Open lrbusquets opened 7 months ago
Hi Lluc,
Thanks for posting, and reminding me of this. But, it should still be addressed in the underlying code. First, to answer your few questions:
Could you share a link to a repo with the code that generates your results? That will be helpful to debugging it,
Dominic
Hi Dominic,
Thanks for your reply. If you believe the bug is in my code, please do not spend your time on it. In my view, however, I don't understand how the cause can be anywhere else than in the Tudat implementation of the integrator. Here's what I think:
The case I reported last year (assignment 3, not 1 as I mistakenly stated) was based on the comparison of a numerically propagated Keplerian orbit with respect to its corresponding analytical solution. What I came across this time, in contrast, is based on a numerical convergence analysis using perturbed dynamics, in which each error value is obtained from the difference between the trajectory propagated with the corresponding time step and the trajectory propagated with a timestep twice as small. In other words, these are two completely different strategies that suggest that something is going on when the step sizes used have several decimal figures, and the only thing the two strategies have in common is the usage of the runge_kutta_fixed_step_size function.
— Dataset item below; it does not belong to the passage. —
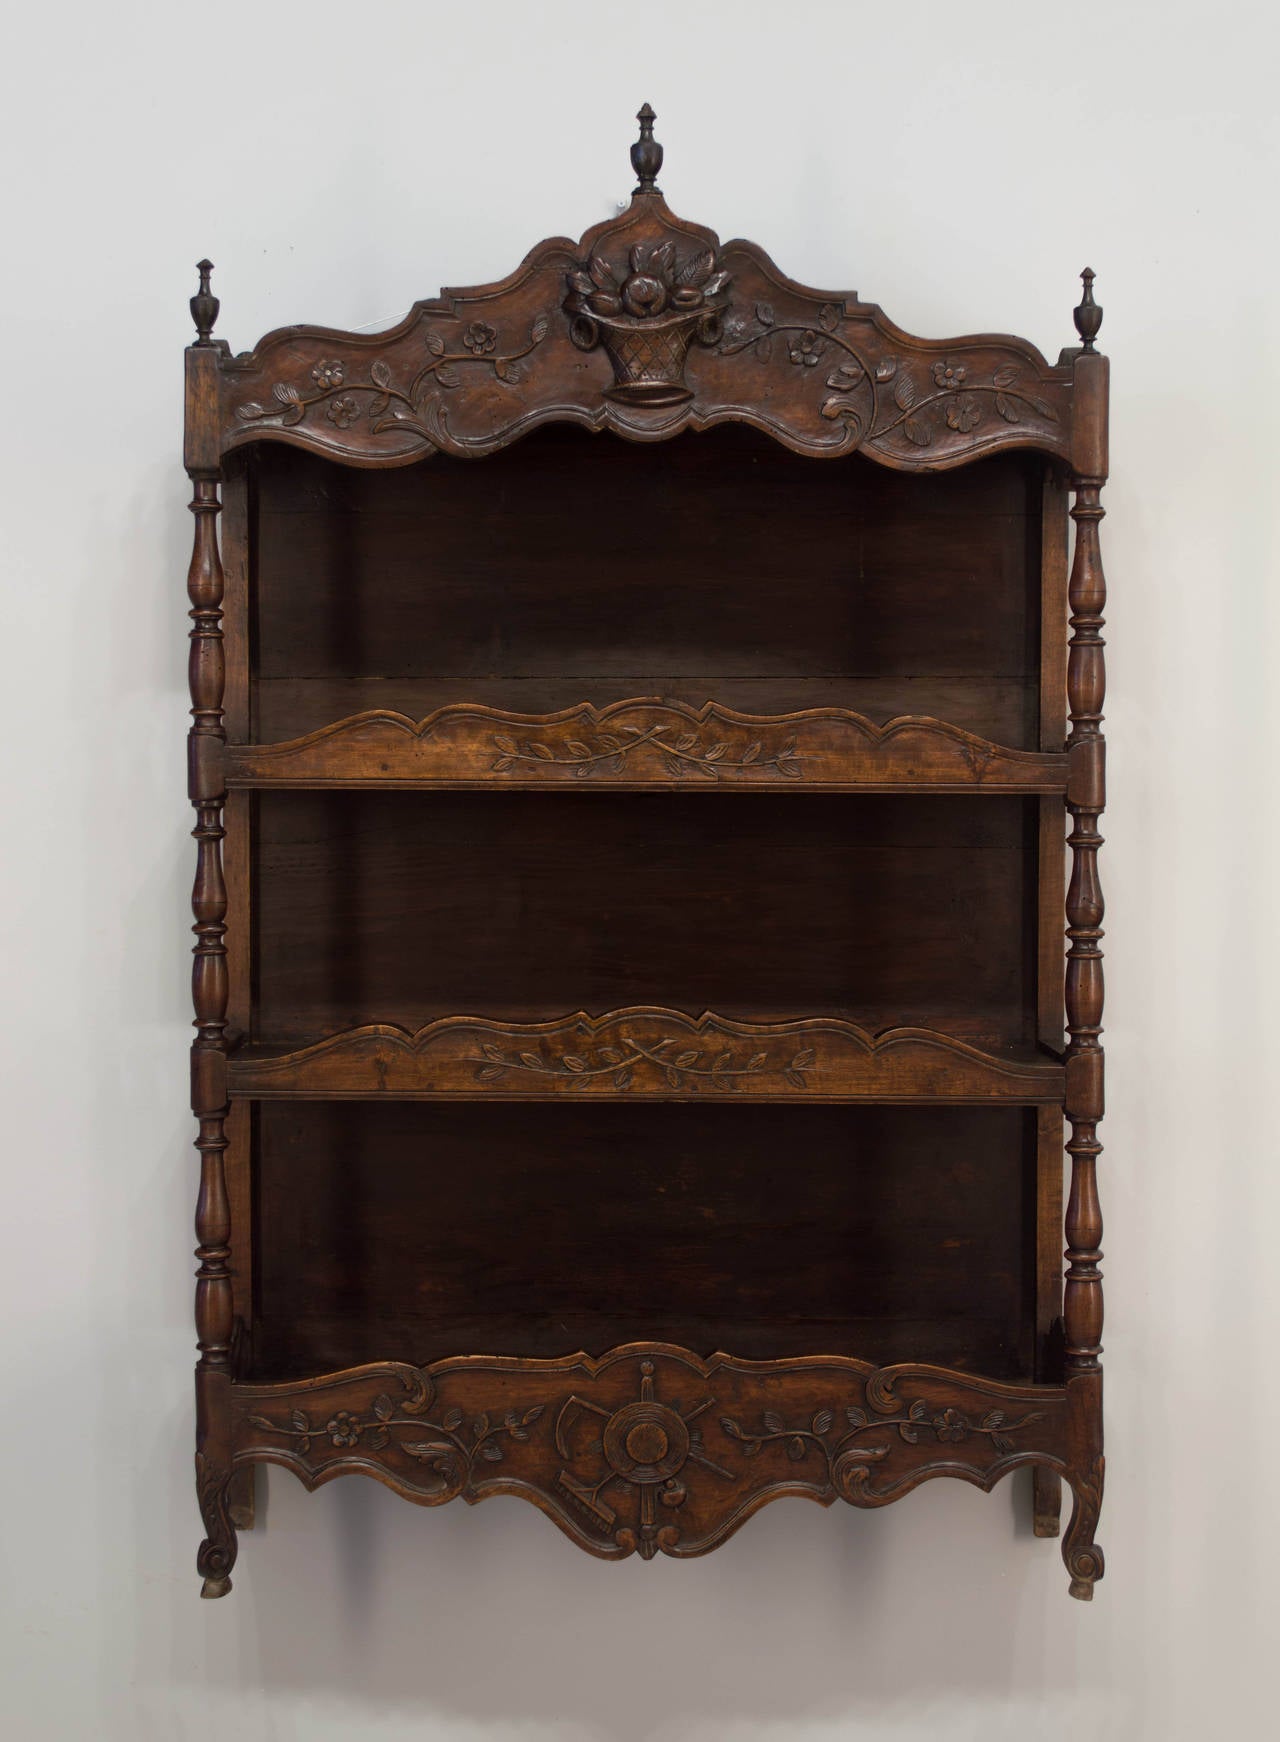 19th c. French Provencal Shelf or Estganier made of walnut, having three shelves for display (8.75

Code for the Ganymede plot: file "integrator_analysis_Q1e" in https://github.com/lrbusquets/NumericalAstro_2023_lrbusquets/tree/main/Assignment3 Code for my thesis: file "planets_and_asteroid_integrator_analysis.py" in https://github.com/lrbusquets/master_thesis/blob/master/planets_and_asteroid_integrator_analysis.py
My first thought was that this could be reasonably explained if there were an inconsistency in the float precision used in the C++ scripts that conduct the integration. For instance, if the evaluation of each state is conducted maintaining the double precision of the step size h coming from python (where it is a float64), but in the intermediate evaluations the state derivative function f reduces the number of decimal points of the step size h (for instance, because inside the C++ script it is declared as a float instead of a double), then the intermediate derivatives are not evaluated at the exact instants they should, and therefore it can be reasonable that an extra numerical error accumulates over time.
If this were the case, I could imagine that variable step size integrators do not show any misbehaviour because the C++ function that determines the next step size to be used stores it as a float variable in the first place. But I know I should look at the scripts instead of speculating.
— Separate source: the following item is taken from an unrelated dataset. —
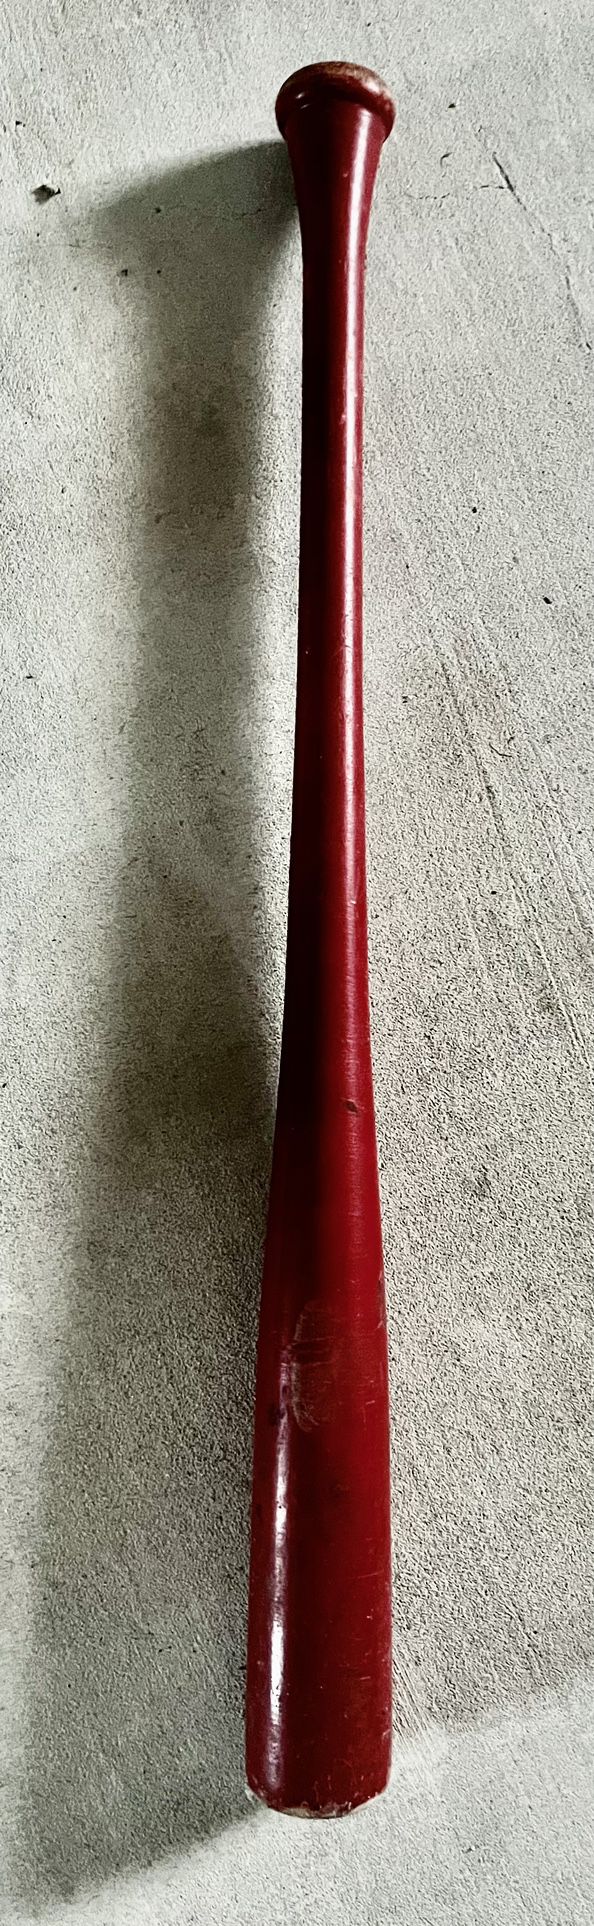 Youth Wood Baseball Bat

I might do some more tests to check whether or not this explanation is supported and I will post here in case I find anything new. Of course I might well be absolutely wrong, so don't hesitate to mention any other possible explanation you have or if you want me tro do any test in particular.
One year ago, working on question 1e of the Numerical Astrodynamics assignment 1, I reported the following issue in the course forum: when I used runge_kutta_fixed_step_size for different step sizes from an np. logspace array, I obtained an error figure that looked like this whereas when I intriduced an np.round() to my step size array it turned to the expected
Although there seems to be no theoretical reason that prevents a Runge-Kutta integrator to work well with arbitrary step sizes, it looked as if some bug introduced significant extra error if a non-integer step was used. Dominic asked me to open an issue here, but it eventually went out of my mind I never did it.
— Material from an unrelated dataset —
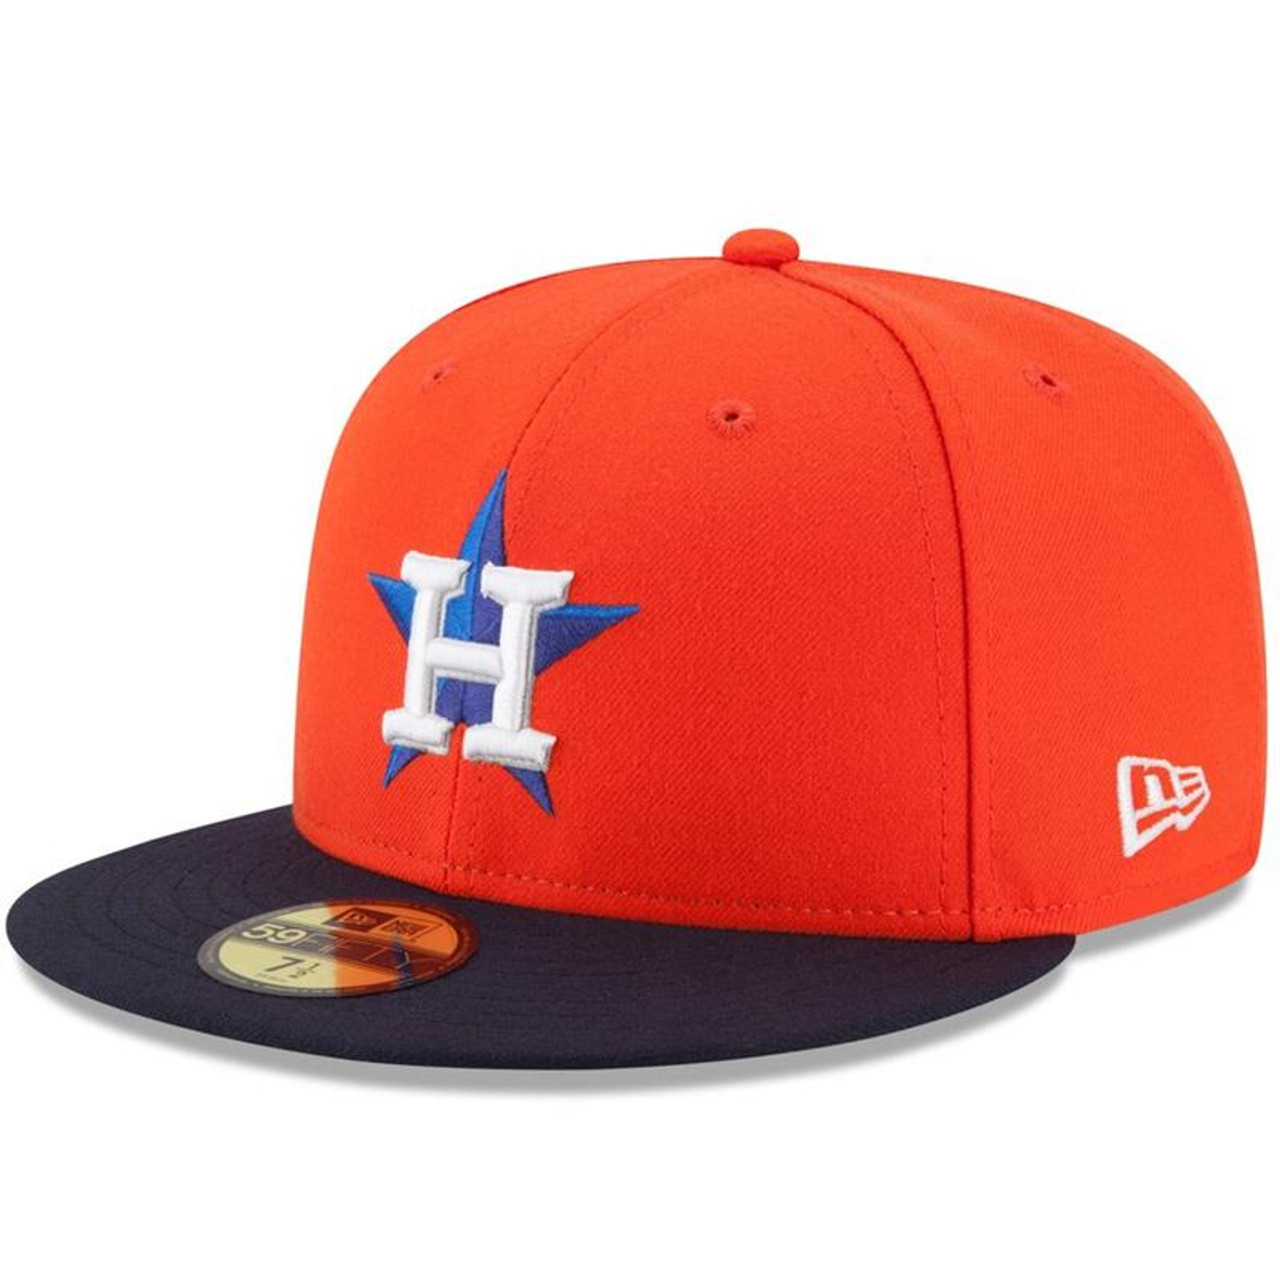 Detroit Tigers Orange-Orange 59FIFTY Fitted Hat by New Era

Now, working on my MSc thesis, I encountered the same issue again. When doing a convergence plot just as we did in our first PnO assignment, I found that in order to fix it from this to this
I just needed to apply an np.round() to the step size array I was working with. Note the scale of the vertical axis: in the former the errors are increased by a factor of several thousands from the nominal rounding error regime.
I think this might be a relevant issue for several reasons: 1) If there is some bug that causes this issue (e.g., some float precision reduced where it does not have to inside the runge kutta integrator), could it be also affecting the variable step size solutions? 2) In any ongoing research using TUDAT, could this error be affecting the accuracy of solutions believed to be valid? 3) If there is some theoretical limitation that prevents runge kutta integrators from working well when step sizes have too many decimals, it should be stated in the documentation! 4) For sure some students will find this issue again now that the Numerical Astrodynamics course is ongoing, and they might also end up spending hours before figuring out that a round() is all that needs to be applied.